=== COLLECTED MATERIAL ===
>>>>
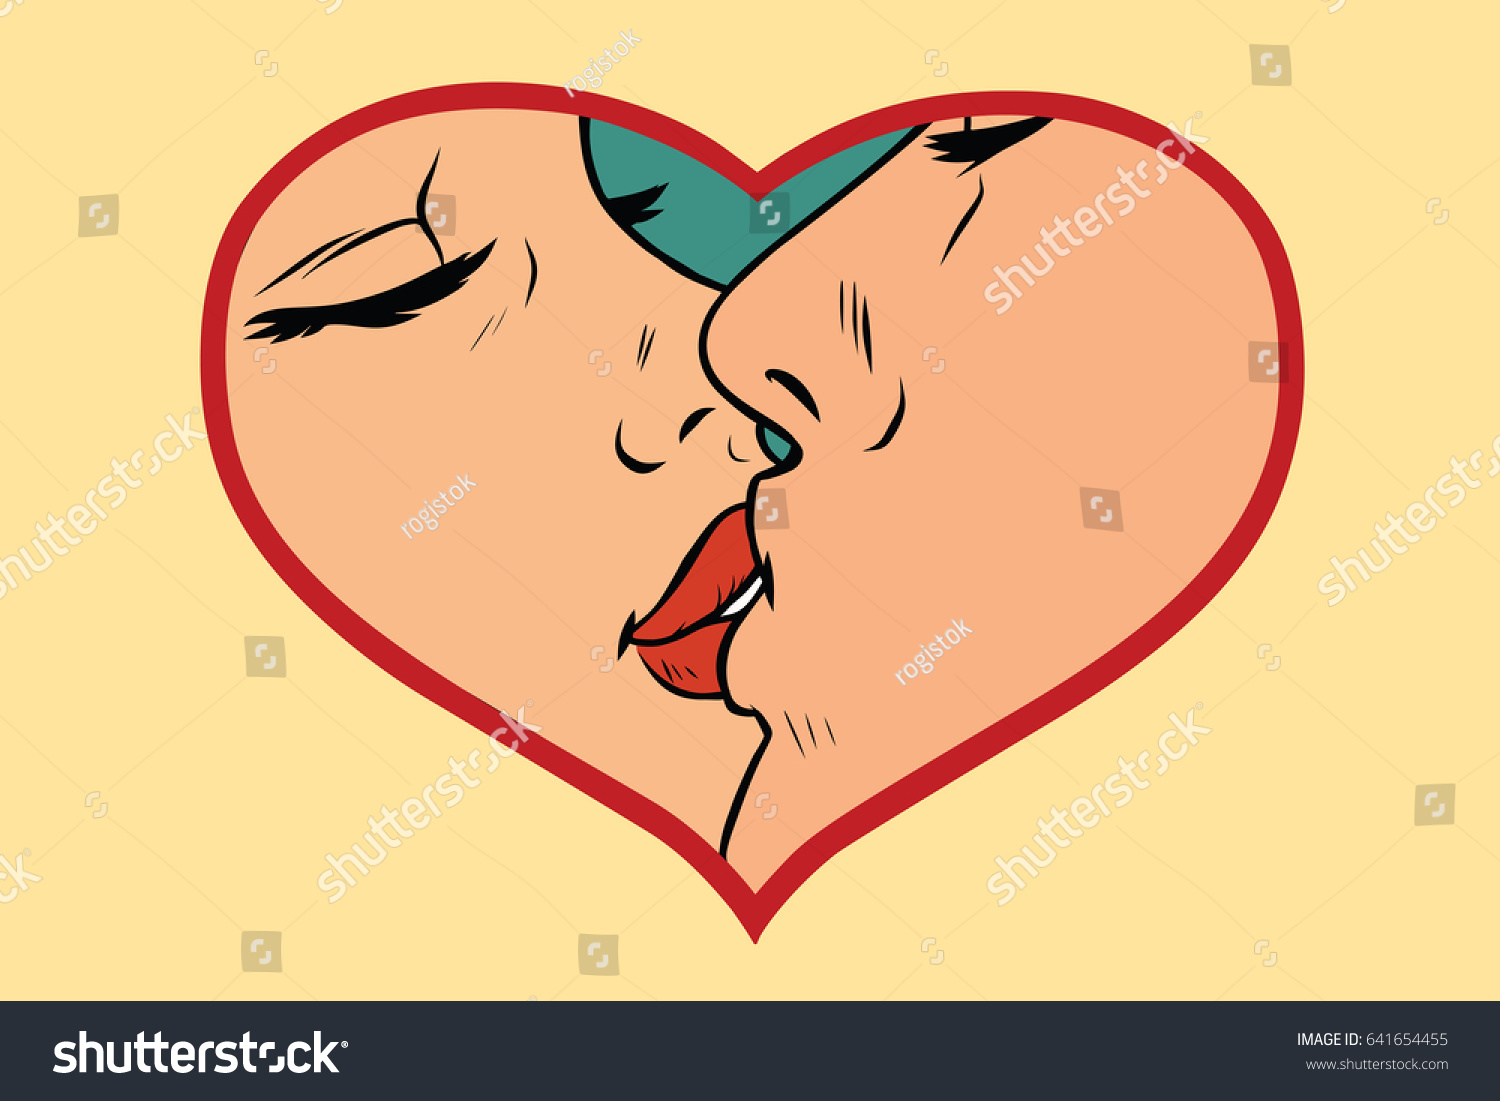 Карикатура поцелуя для женщины
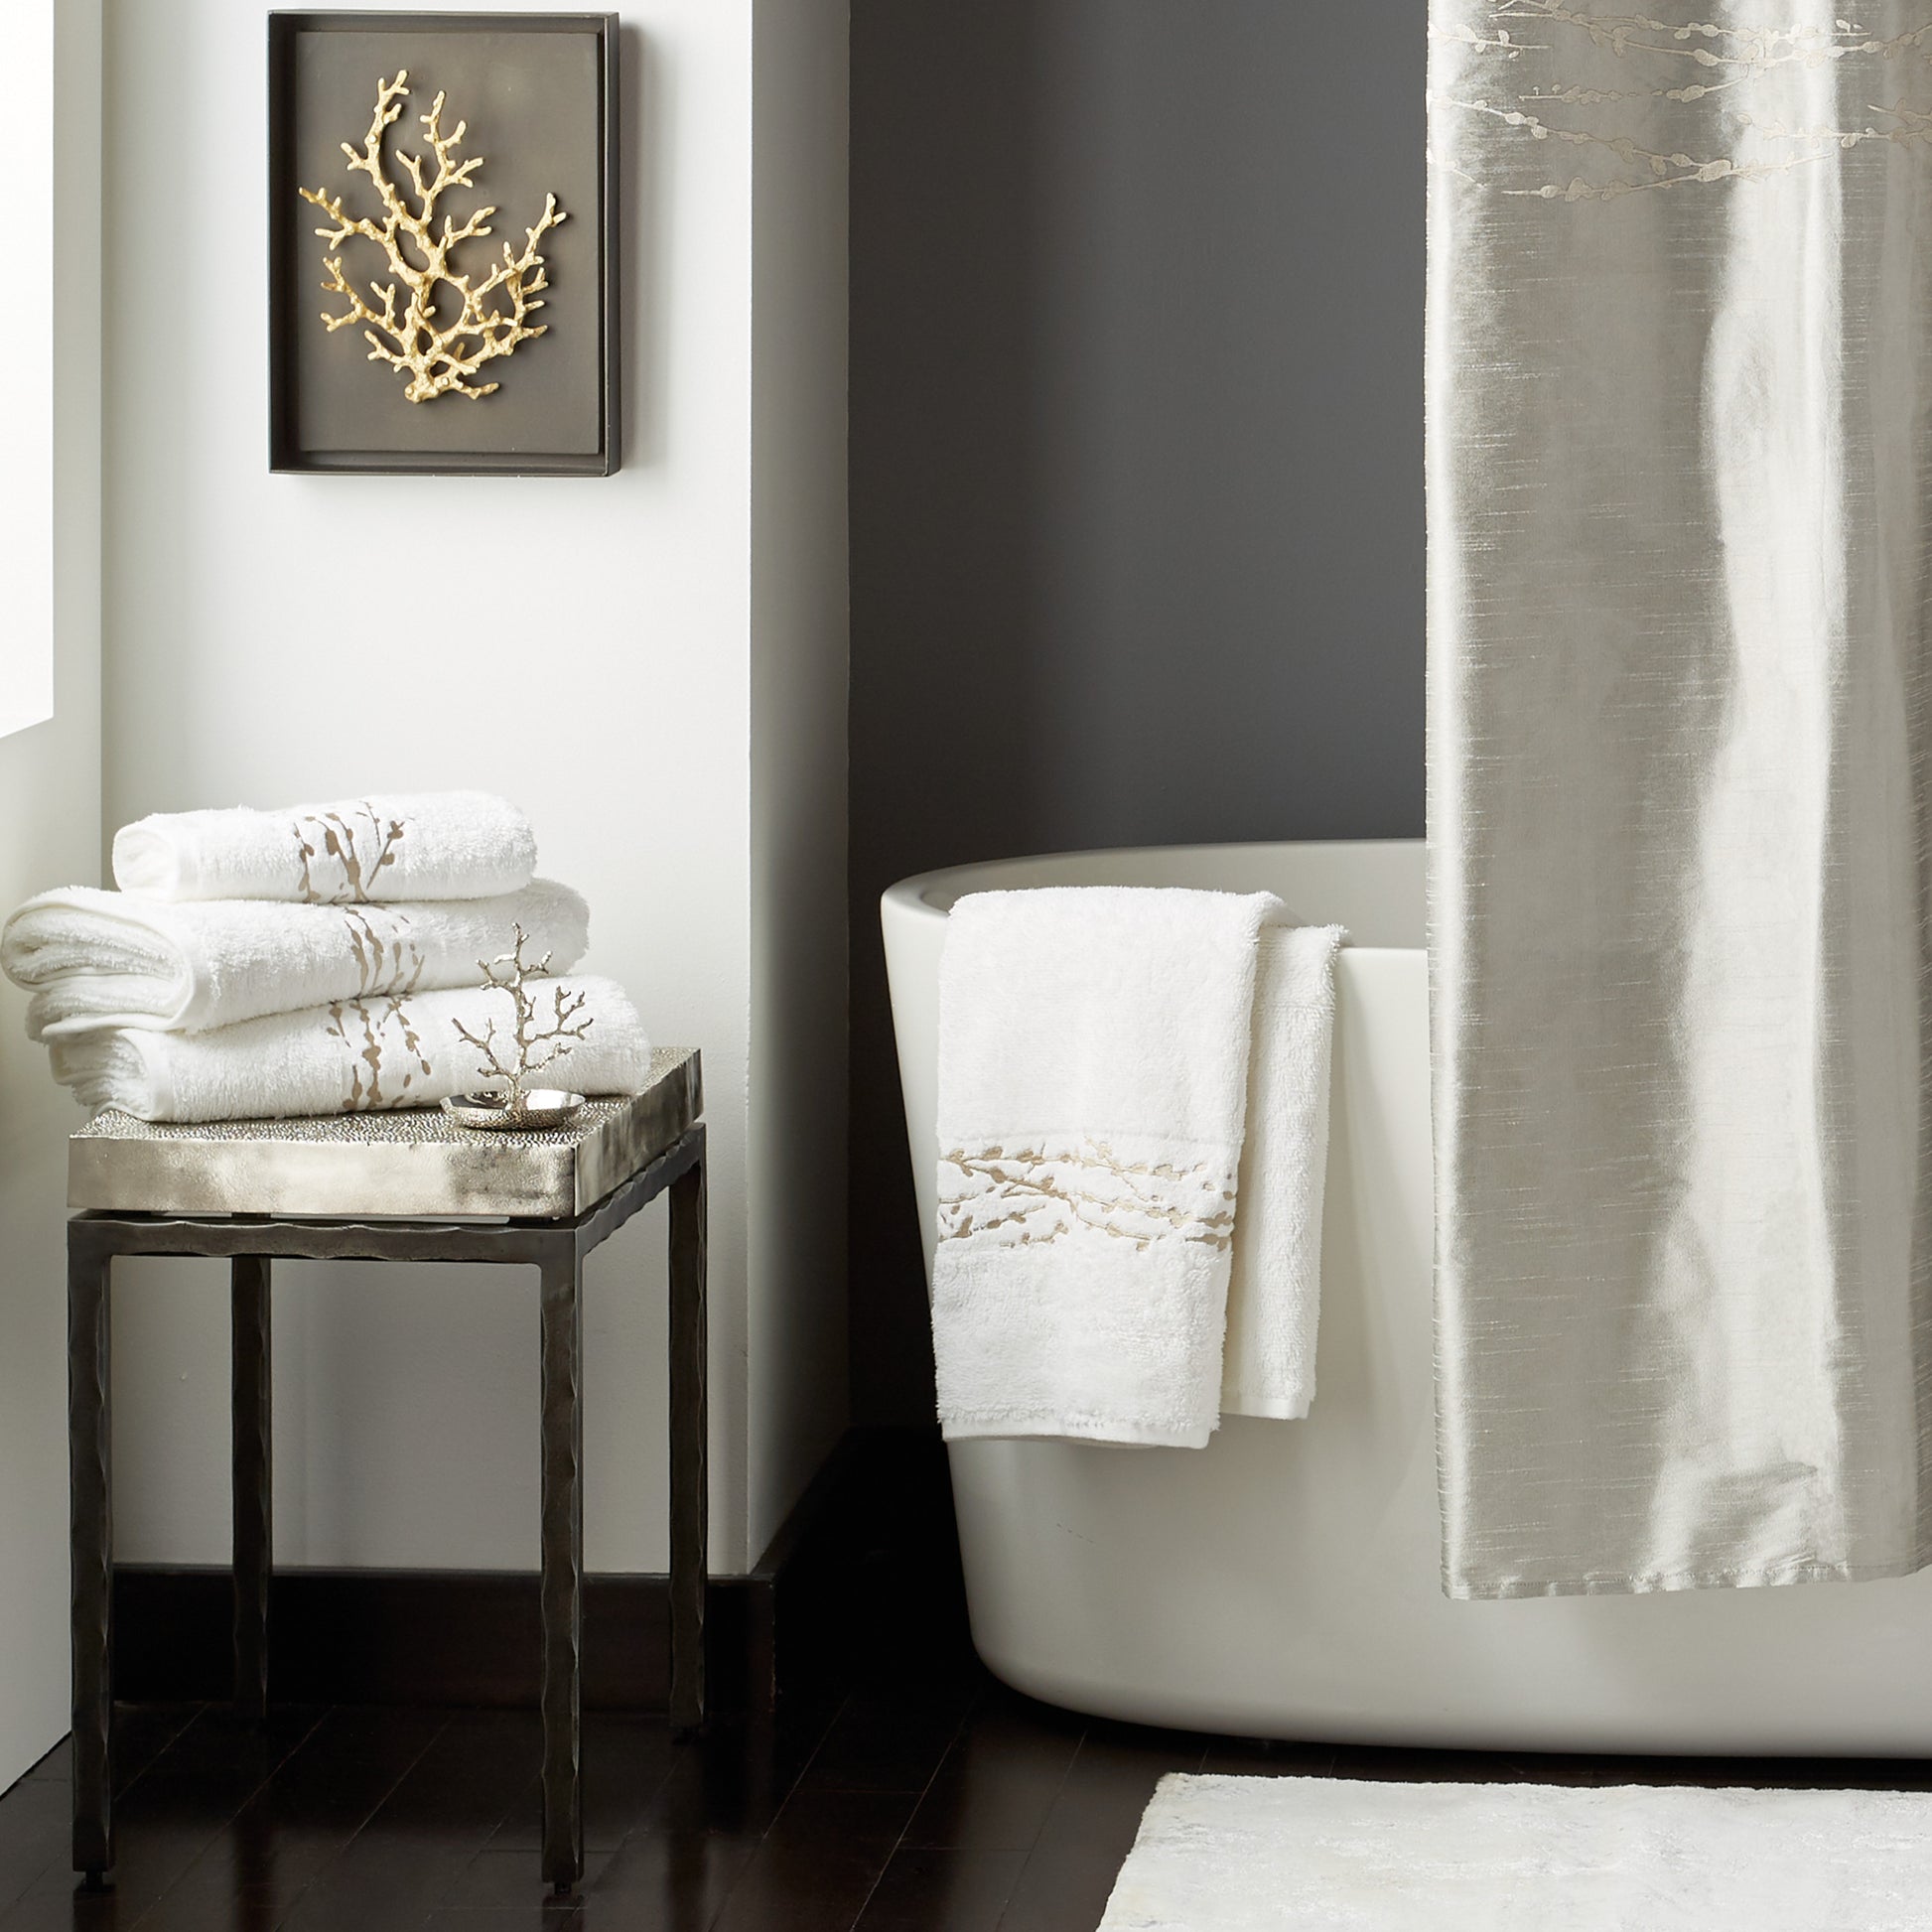 Michael Aram Luxury Bath: Luxury Bath Towels, Bath Rugs & More -  Bloomingdale's
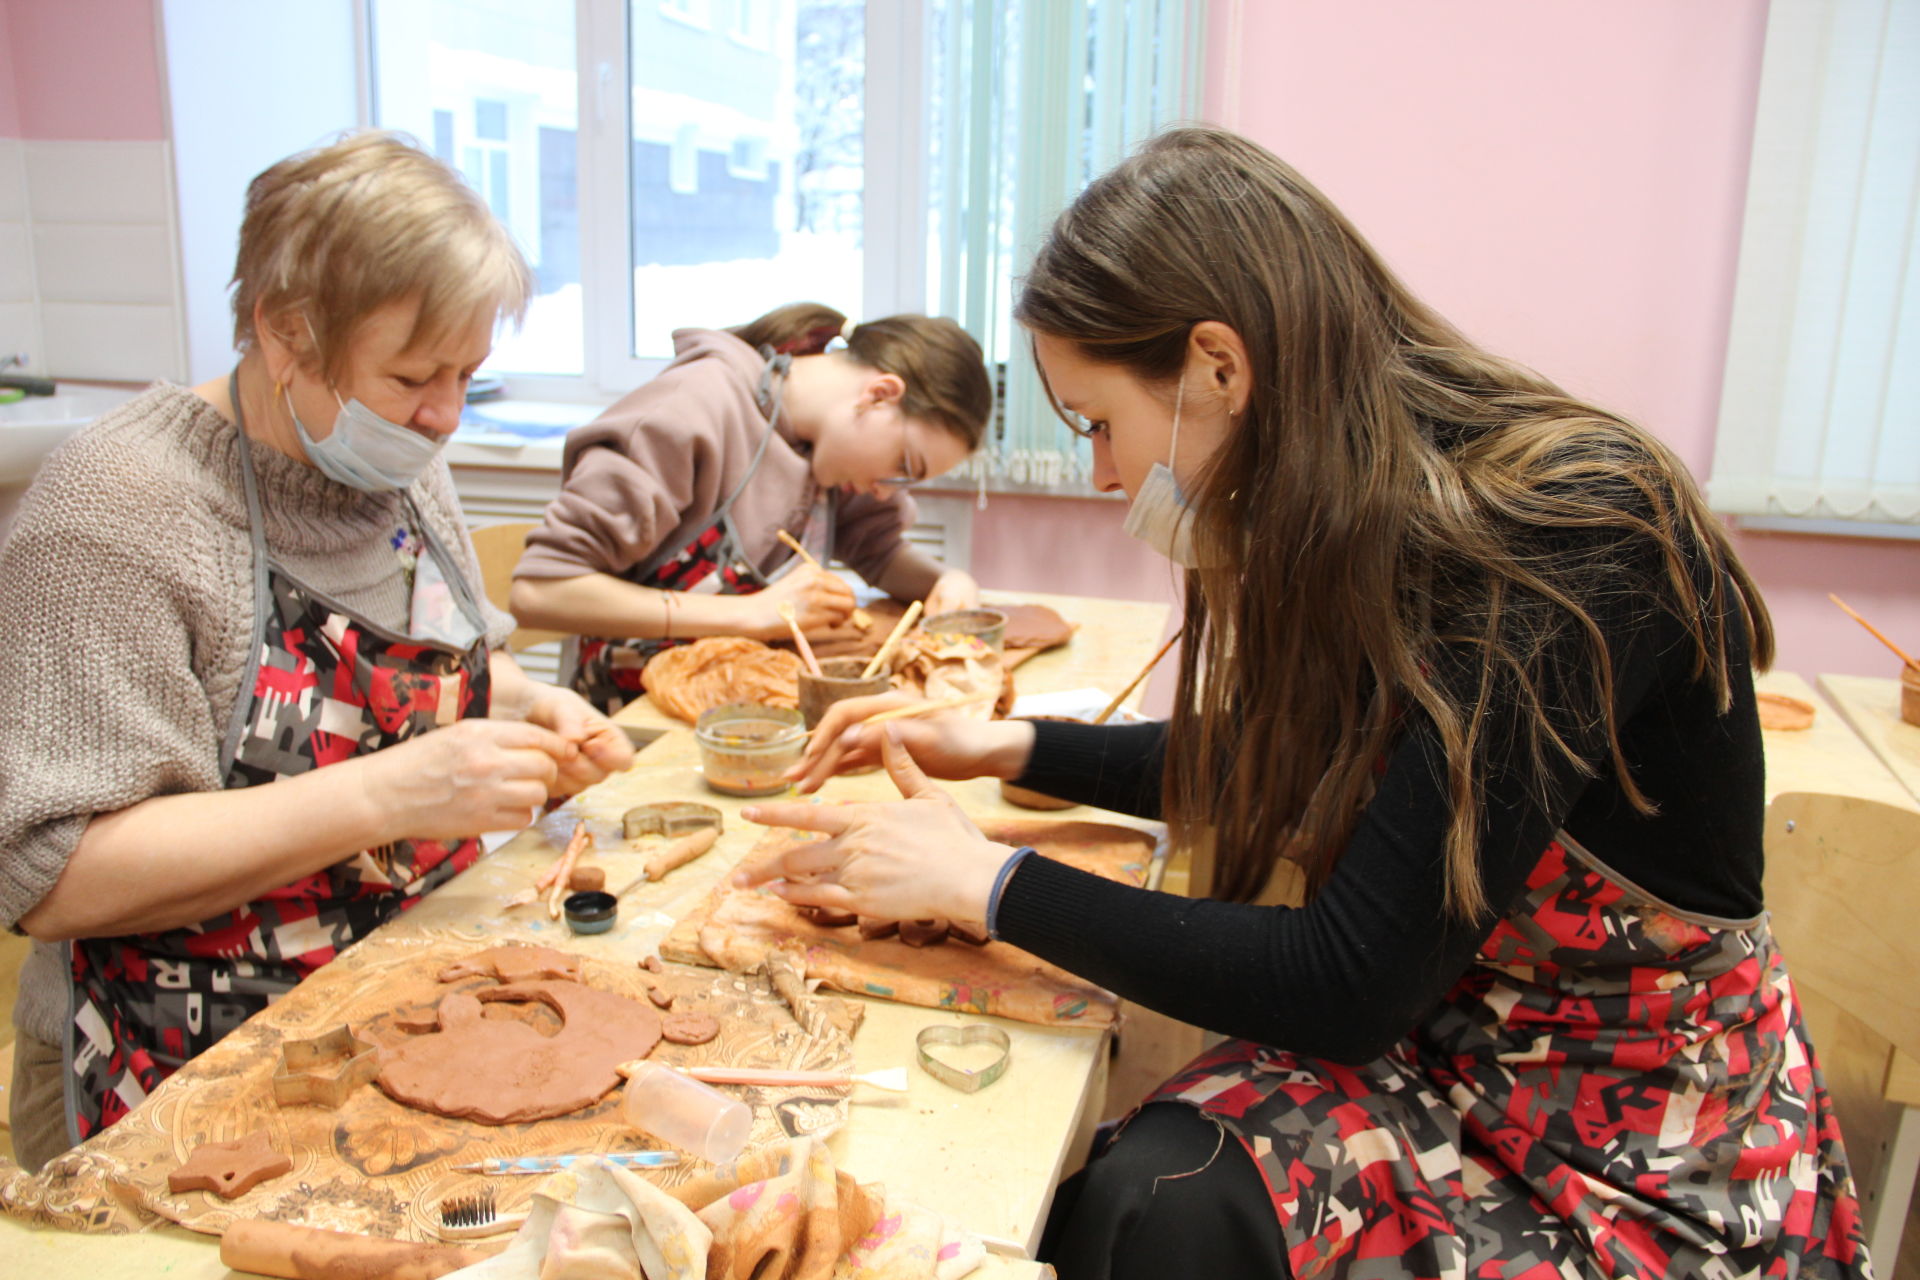 Заинский мастер гончарного мастерства Лилия Кузьмина делится своим талантом с детьми
<<<<
=== ABOUT THIS TASK ===
Return all the data exactly, pictures omitted.

=== RESPONSE ===
 Карикатура поцелуя для женщины
 Michael Aram Luxury Bath: Luxury Bath Towels, Bath Rugs & More -  Bloomingdale's
 Заинский мастер гончарного мастерства Лилия Кузьмина делится своим талантом с детьми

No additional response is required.